On one of my earlier trips, probably late 1970s, I pulled over off the highway near the town of Escuinapa, at the southern end of Sinaloa. There was a guy there who I had seen before selling parrots and beers by a river.
I stopped for a cold beer, it was summer and hot and my VW bus had no AC. My heat relief was a bandana kept in the ice chest. And the summer rains that would blow in late afternoon.
The parrot vender told me that the birds came from the nearby jungle. I don’t remember the cost, but they were cheap. Probably less than $5 or 60 pesos at the time for a yellow-headed Amazon. He would sell me a cage for a couple of dollars more telling me what a fine companion it would be for many years (they can live to 70).

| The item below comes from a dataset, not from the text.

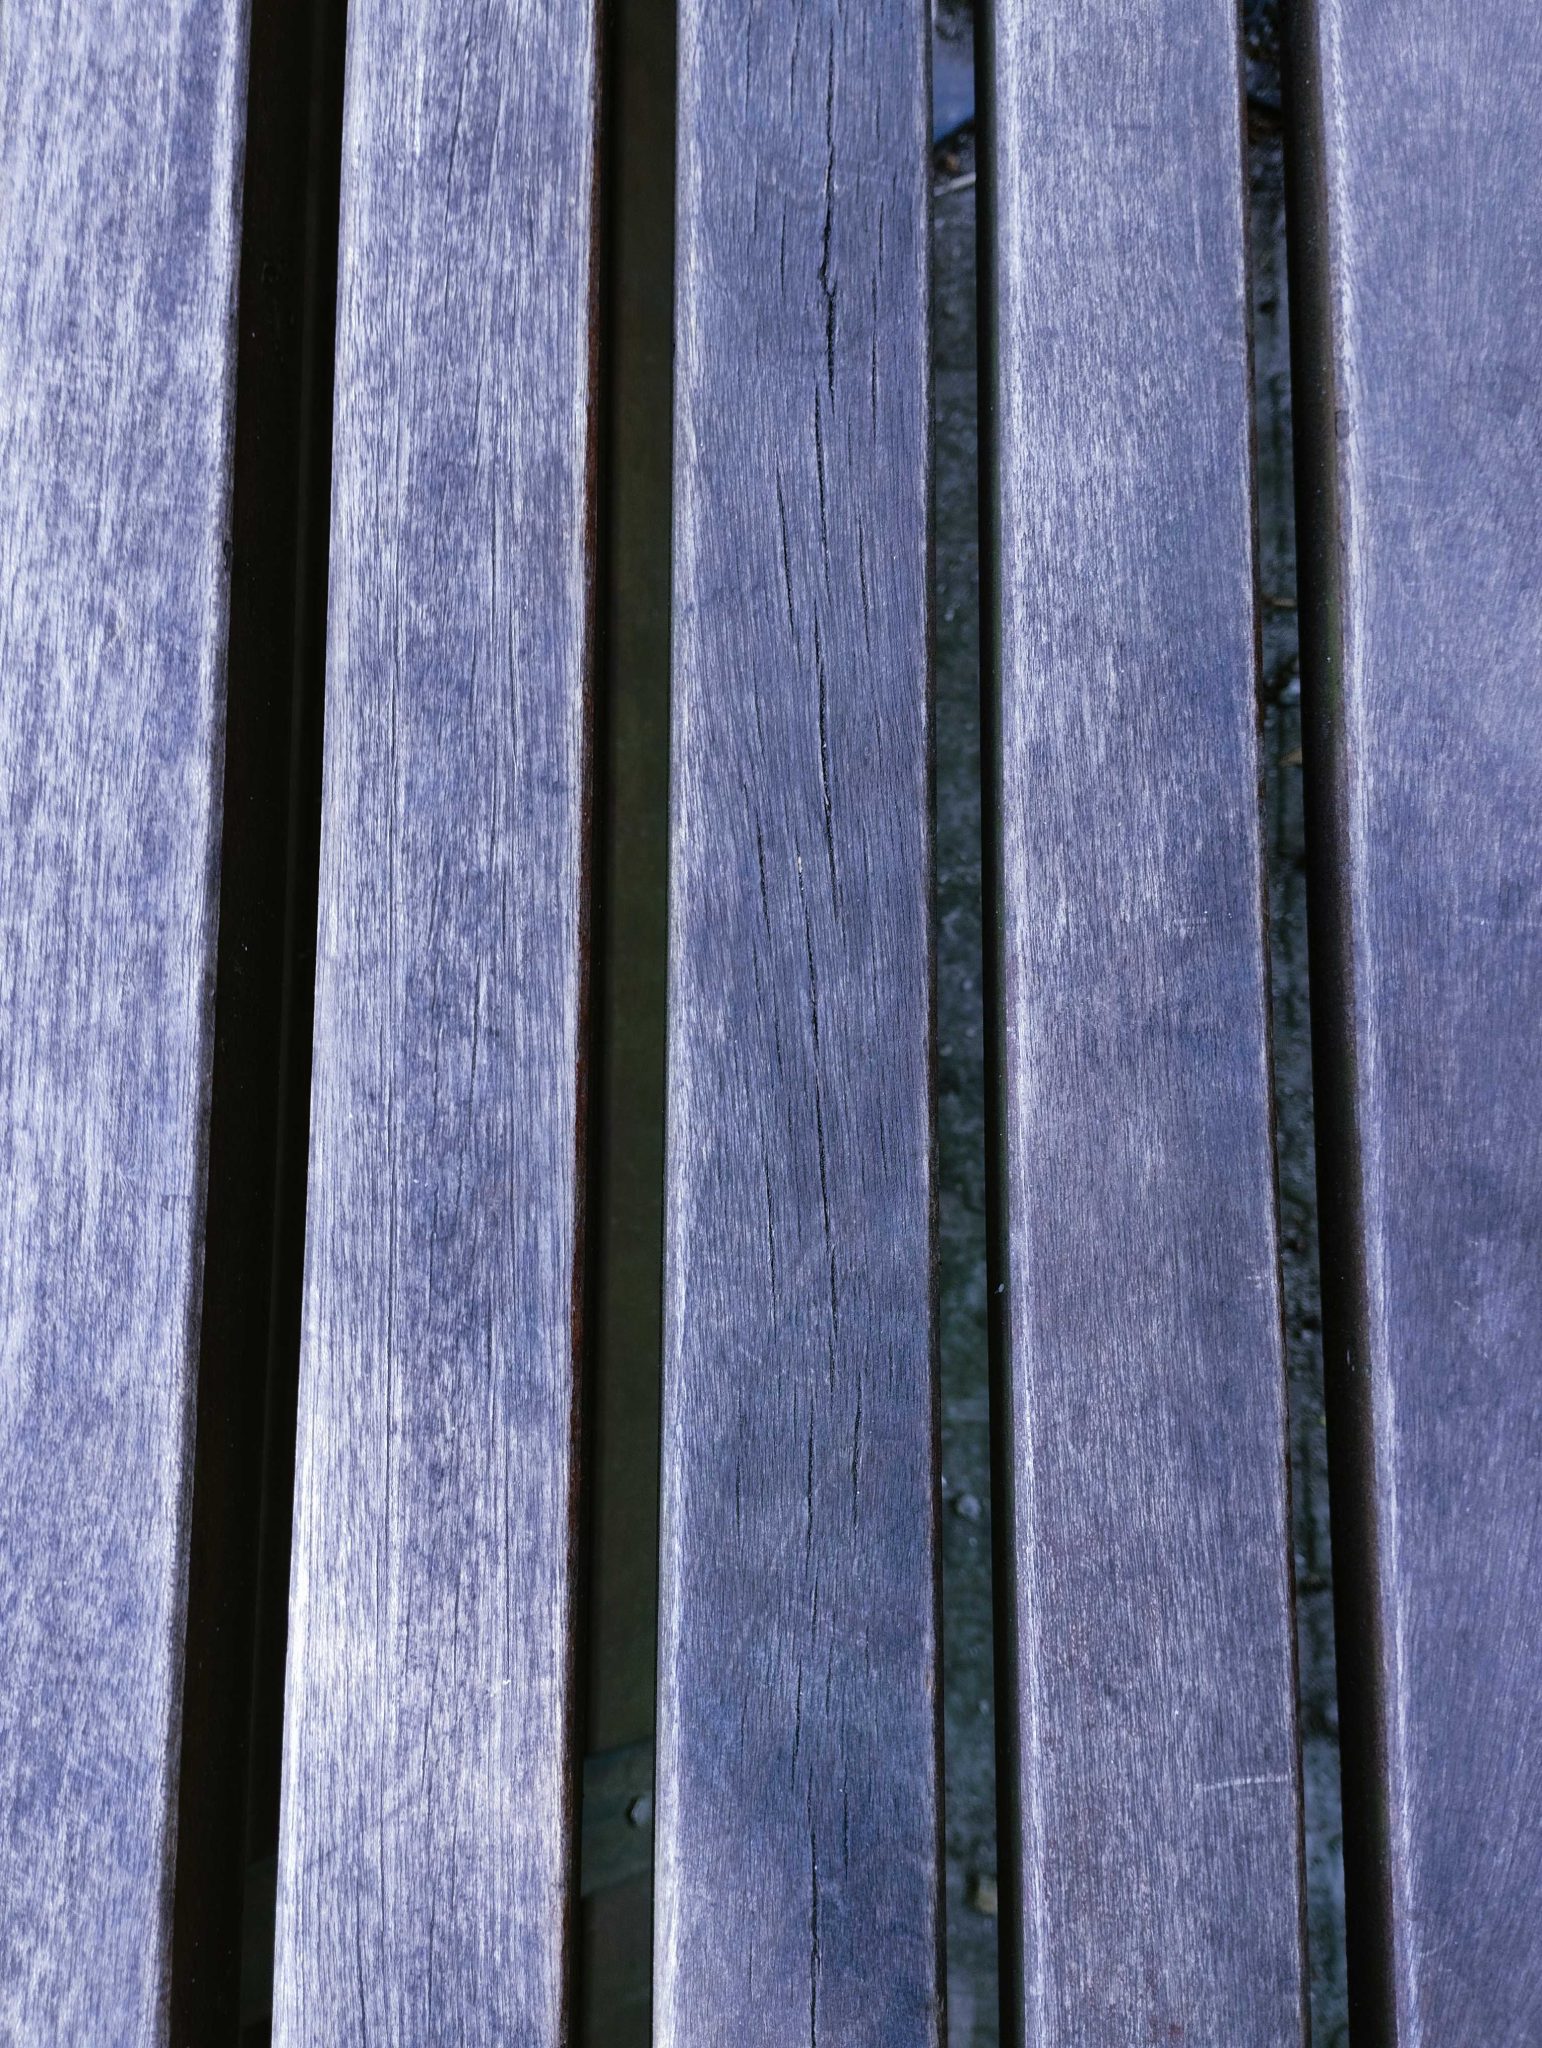 Old wooden slats pattern.

The beer went down fast, so I had another while admiring the birds who appeared nervous and not entirely happy. The seller was a nice man and I felt the need to help him out, so I bought one of his birds and had him put it in a small wood cage. And then, with a single purpose, I opened the cage door and my parrot flew away, quietly and fast. I told the man to keep the cage as he looked at me with a sly understanding grin.